The tropical wave does become a tropical storm, dubbed “Anais,” and bolstered by unusually warm ocean water, it intensifies as it moves across the tropical Atlantic toward the Caribbean and the United States.

On August 26, Anais is upgraded to a hurricane in the tropical Atlantic, east of the Eastern Caribbean.

As the hurricane moves through the Caribbean, past Hispaniola, the National Hurricane Center notifies residents and emergency managers up and down the Eastern Seaboard that Anais poses a very real and severe threat.

Several days later, on the 1st, Anais buffets the Bahamas with high winds. It spares the Bahamas a direct hit and instead veers north- northwest and, now classified as a Cat 4, with maximum sustained winds of 150 mph, takes dead aim at the coast of North Carolina.

Ray Bonner, risk manager for the City of Norfolk, Va. is one of those who takes heed.

Bonner immediately convenes Norfolk’s crisis management team, which is more sophisticated than many because it has a “business resilience” subcommittee that is dedicated to coordinating with municipal officials in the event of a natural catastrophe. The committee’s mandate is to help businesses open as soon as possible in the aftermath of a major storm.

“This hurricane could hit every coastal city from Wilmington, N.C. to Boston,” Bonner tells his assembled crisis management team.

“We can’t be sure that we’ll get much help from neighboring emergency responders if that’s the case,” he tells the committee.

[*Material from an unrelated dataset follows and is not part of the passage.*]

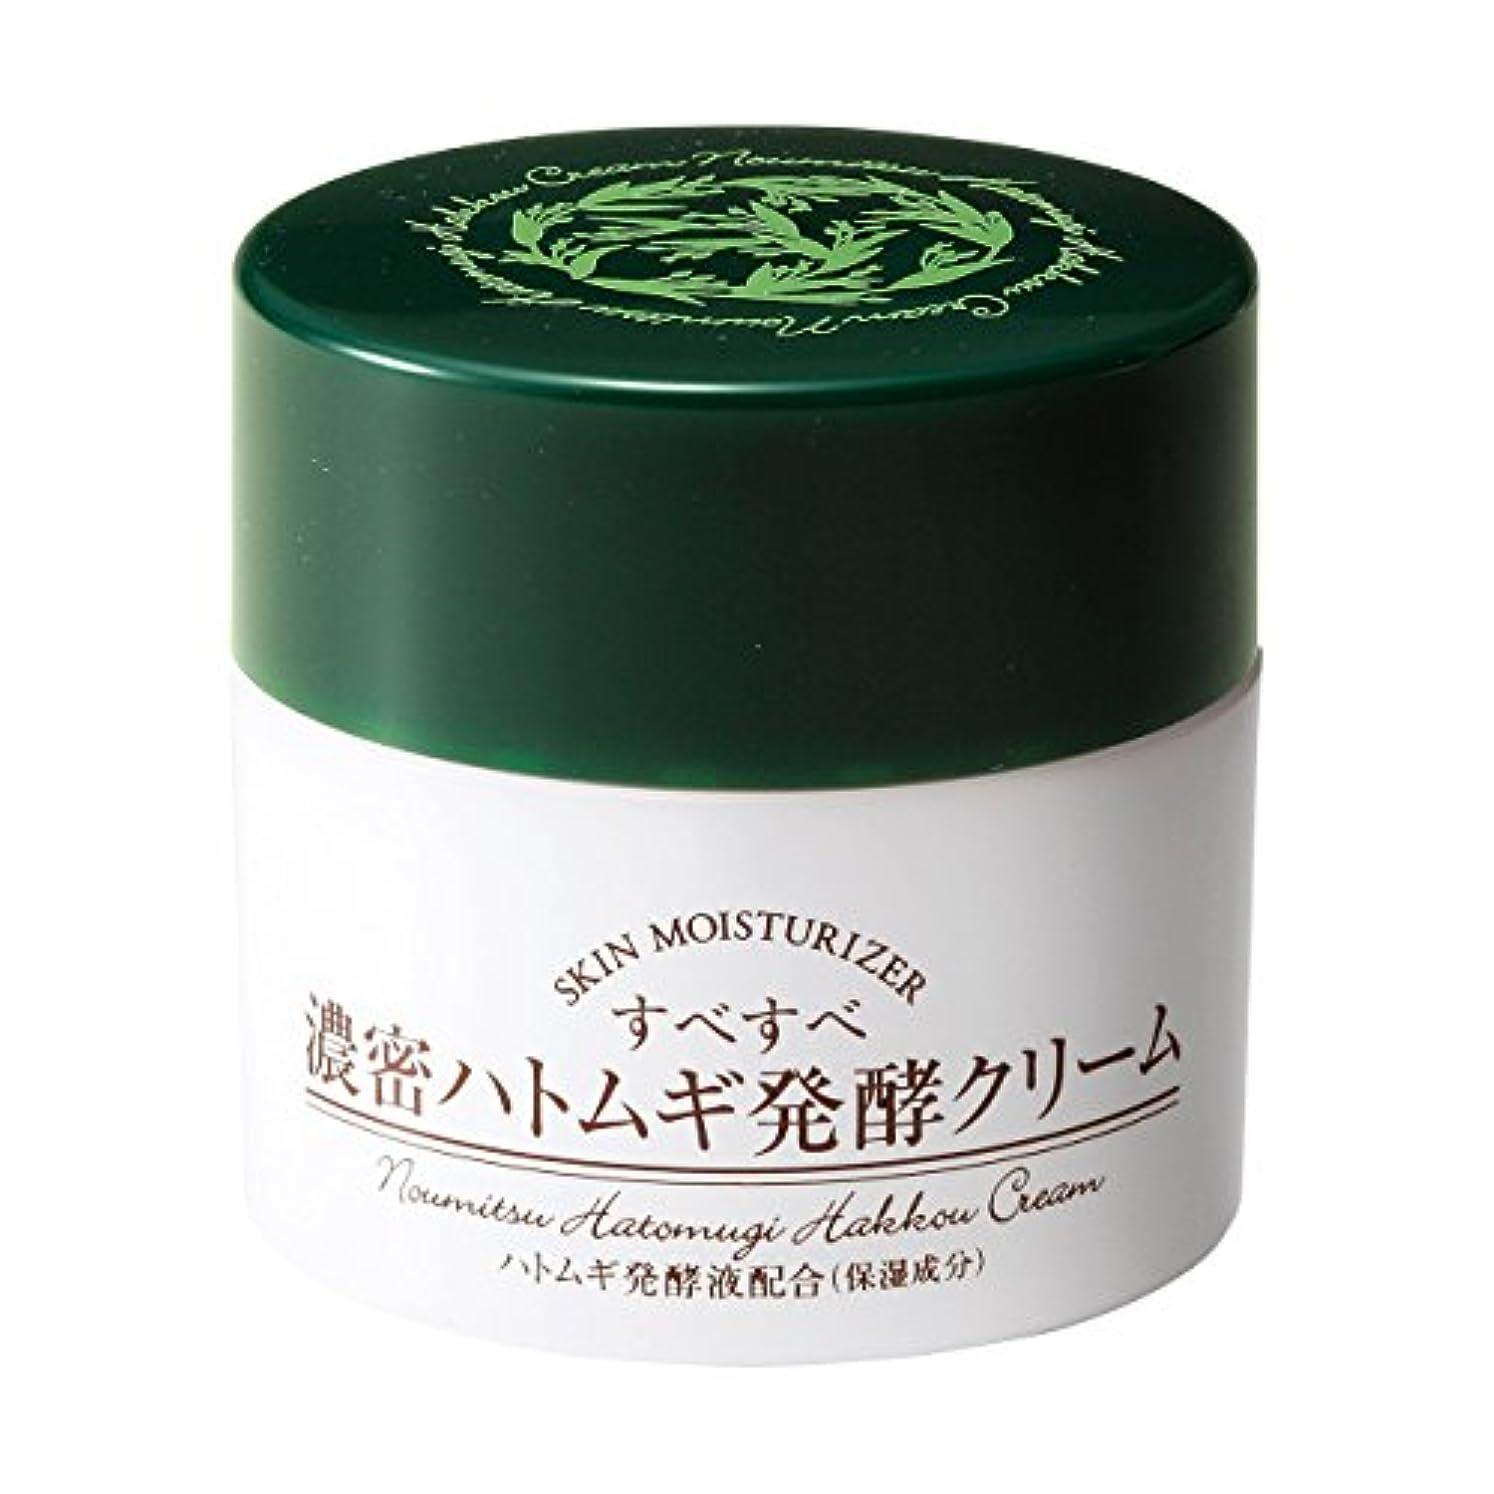 優れたマルコポーロほうきすべすべ濃密ハトムギ発酵 クリーム 59688
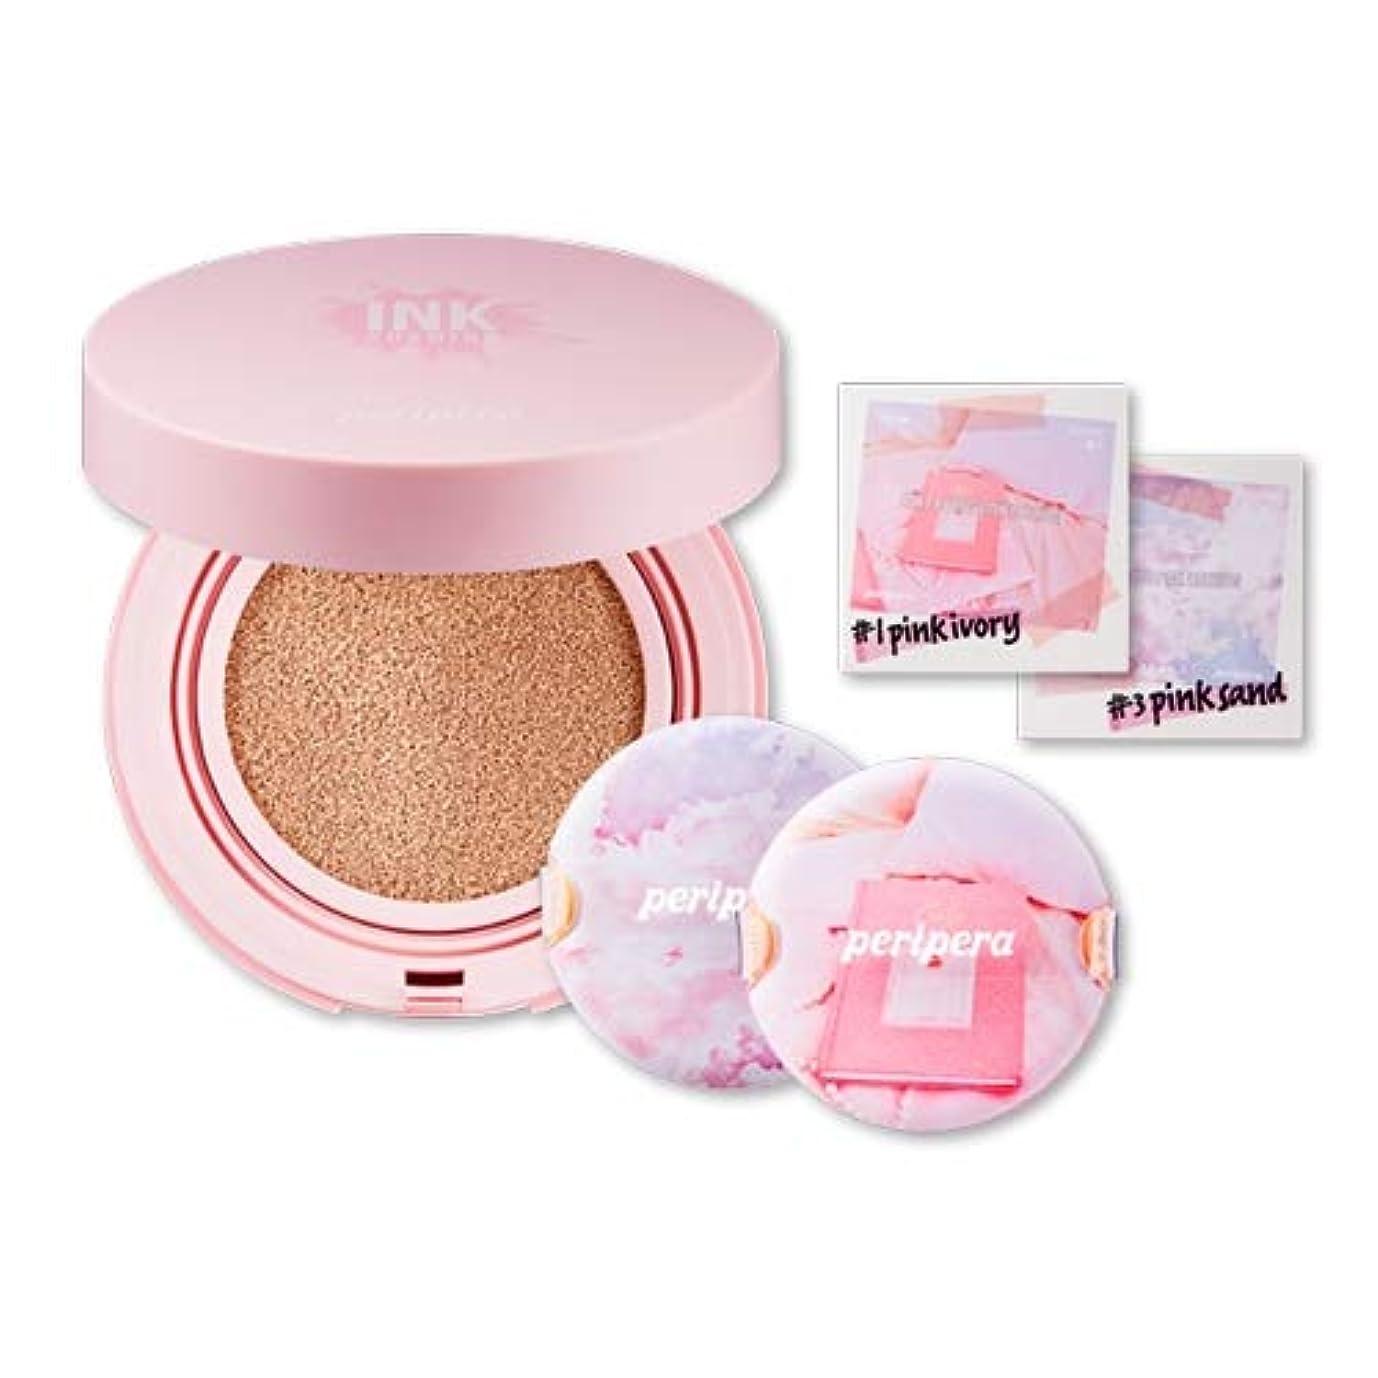 器用心からチェリーPeripera ペリペラ [ピンクの瞬間] インクラスティング ピンク クッション [Pink-Moment] Inklasting Pink Cushion (#3 Pink Sand) [並行輸入品]

On Labor Day, September 4, Anais strikes Wilmington, N.C. as a Cat 4. The storm cripples the Wilmington power grid and causes 13 deaths.

All Fall Down

Despite the damage done by Anais in Wilmington, Bonner and other members of Norfolk’s crisis management team are frustrated by what they see as a lack of sense of urgency in some quarters to evacuate as necessary and take proper precautions. Perhaps distractions due to end-of–summer Labor Day plans are partially to blame, they reason.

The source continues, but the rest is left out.